Despite successful acromegaly treatment, sleep apnea does not consistently resolve (MQ), so post-treatment evaluation is essential (SR) [22, 40‐43]. Every effort should be made to improve compliance with prescribed treatments including continuous positive air pressure device and other devices (e.g., with appropriate measures tailored to patients with acromegaly, for example, specialized mouth pieces for use during sleep). Consultation with maxillo-facial surgeons is advised, and if necessary, elective surgery should be undertaken.
Other comorbidities and mortality
Quality of life
Quality of life (QoL) is an important outcome measure in acromegaly [44]. Tools for measuring QoL in patients with acromegaly (e.g., Acromegaly Quality of Life Questionnaire [AcroQoL]) are readily available and should be considered in clinical practice (MQ) (Table 1) [44, 45]. QoL is impaired by GH-excess and GH-deficiency, and therefore, when treating patients, it is important to recognize induction of GH-deficiency, particularly in patients who have undergone previous radiation therapy, as this can have further deleterious effects on subsequent QoL and other parameters (DR) [46].
Bones and joints
Arthropathy affects approximately 75 % of acromegaly patients [47]. Any joint may be affected (large joints, small joints and vertebrae), and range from osteoarthritis to arthralgia to fractures (HQ) [48, 49]. Bony overgrowth and soft-tissue swelling may also lead to nerve entrapment. Such anatomical abnormalities may result in a delay to surgical intervention for acromegaly (LQ). Disability due to acromegaly is probably under-estimated and can affect many aspects of activities of daily living (MQ) [50‐52]. Early diagnosis of acromegaly is required to ensure early and aggressive treatment to reduce arthropathy risk, because joint and cartilage changes are irreversible (SR) [53, 54].

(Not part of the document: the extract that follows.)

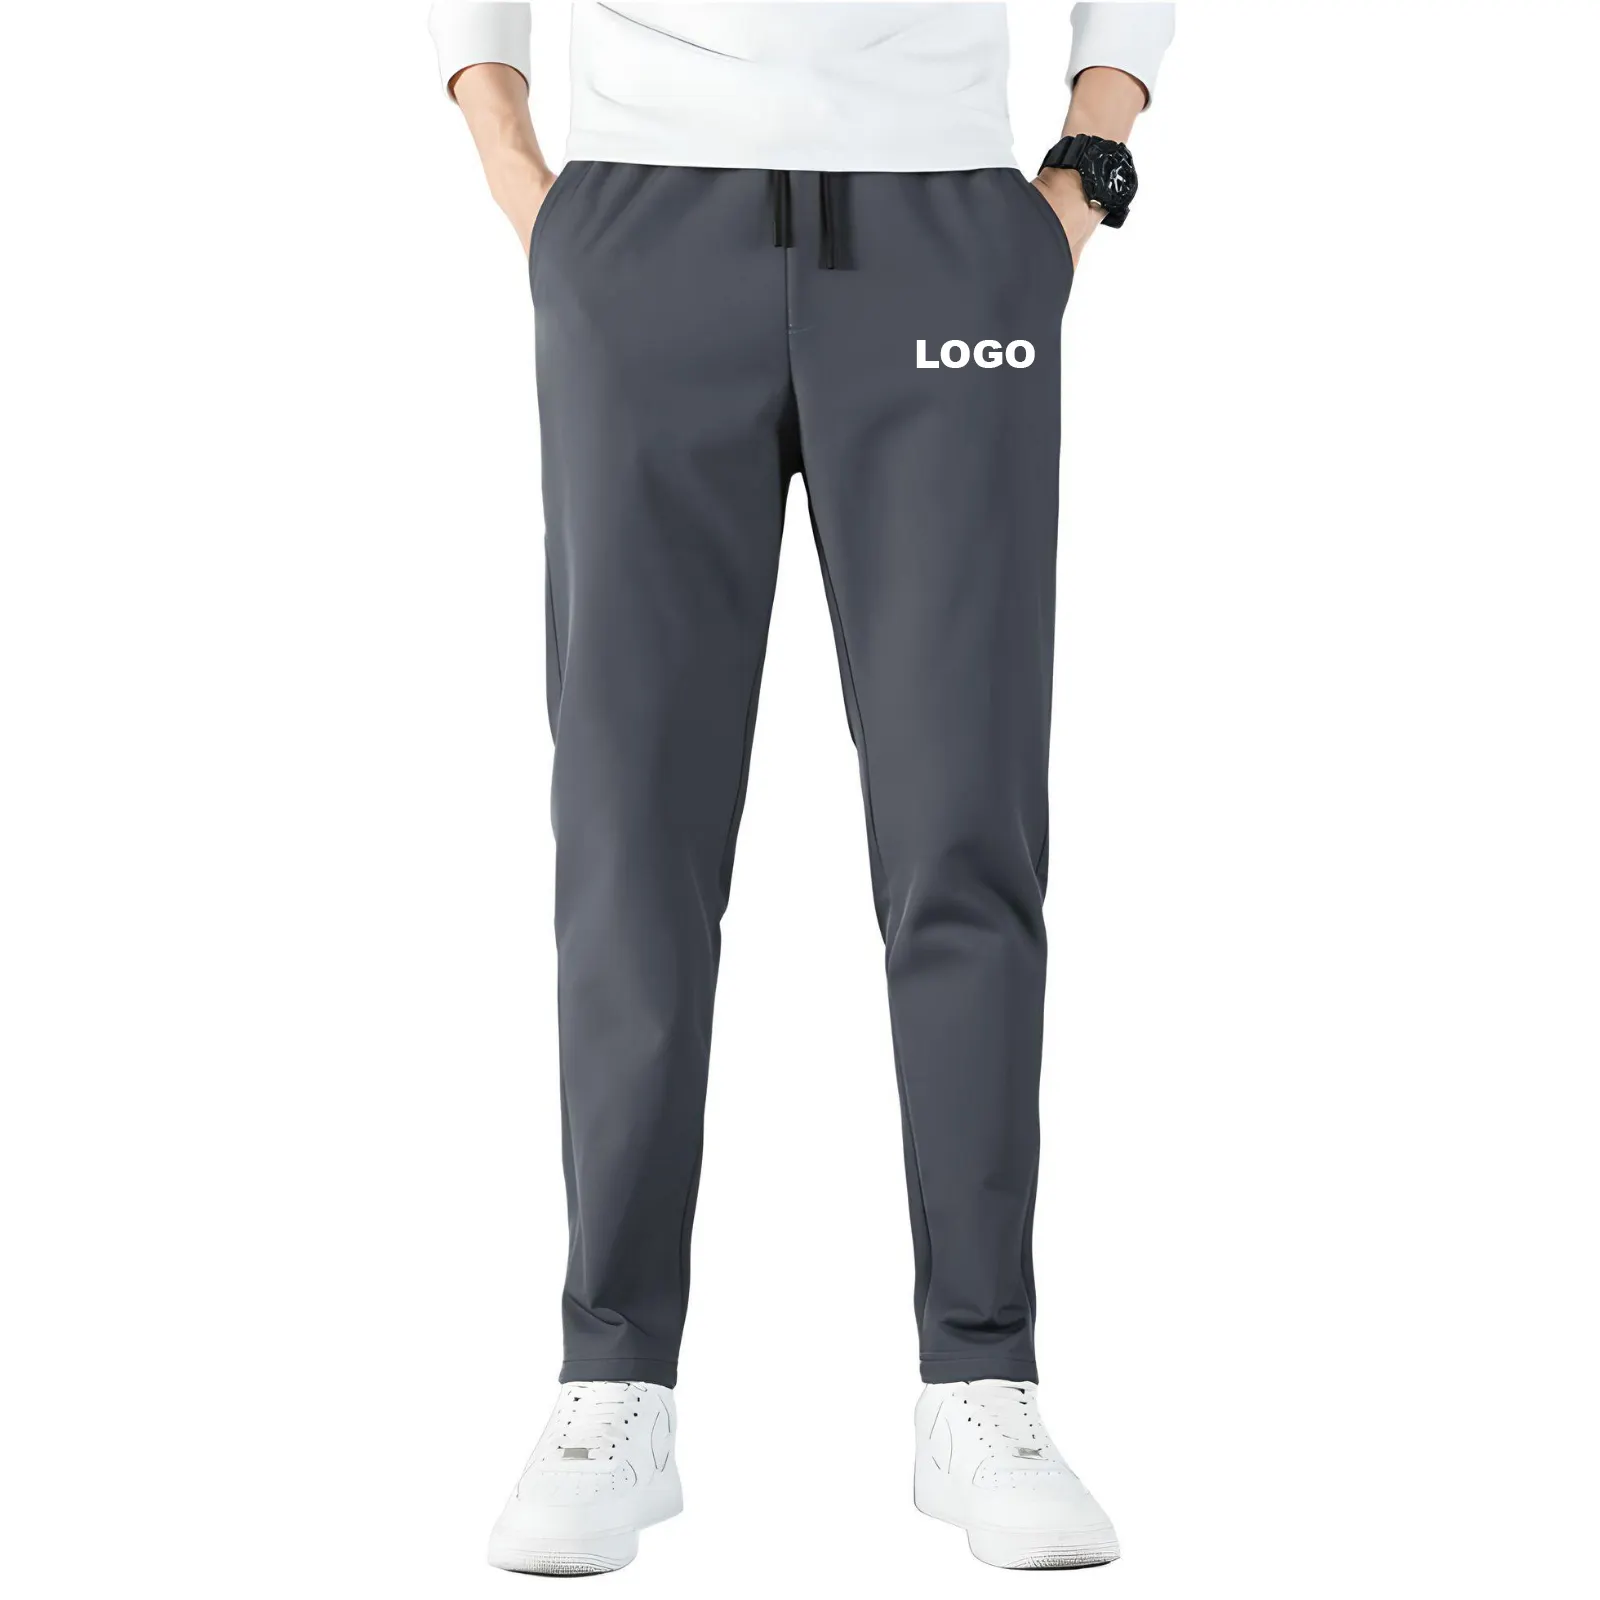 Sıcak satış yüksek kaliteli sıska spor erkek koşu pantolonları rahat pantolon düz elastik

Vertebral fractures have been reported to occur in acromegaly patients independently of bone mineral density (BMD) (MQ) [49, 55‐57]. Bone size may affect BMD measurement, and the utility of dual-energy X-ray absorptiometry for screening for abnormalities in the absence of size correction is not well documented (LQ). Thoracic and lumbar spine X-ray may be useful for diagnosing spinal deformities, particularly in symptomatic patients (DR) (Table 1). Patients with acromegaly should be evaluated for osteoporosis risk factors including vitamin D deficiency, inadequate calcium intake, serum calcium to assess hyperparathyroidism, glucocorticoid over-replacement and hypogonadism (SR).
Colon polyps
Acromegaly is associated with increased colon polyps and may be associated with increased risk of colorectal cancer, but not cancer mortality (MQ) [58]. Colon length may increase during acromegaly resulting in increased mucosal folds (dolichocolon) (LQ) [59, 60]. It is recommended that a screening colonoscopy be carried out at diagnosis in adults (SR). If the colonoscopy is negative, then patients should be screened similarly to the general population, especially if insulin-like growth factor-I (IGF-I) levels are normalized (DR) (Table 1) [59]. If IGF-I remains persistently elevated, more frequent screening is recommended (SR). If colonoscopy is abnormal, follow-up and screening should be in accordance with clinical guidelines [59‐61].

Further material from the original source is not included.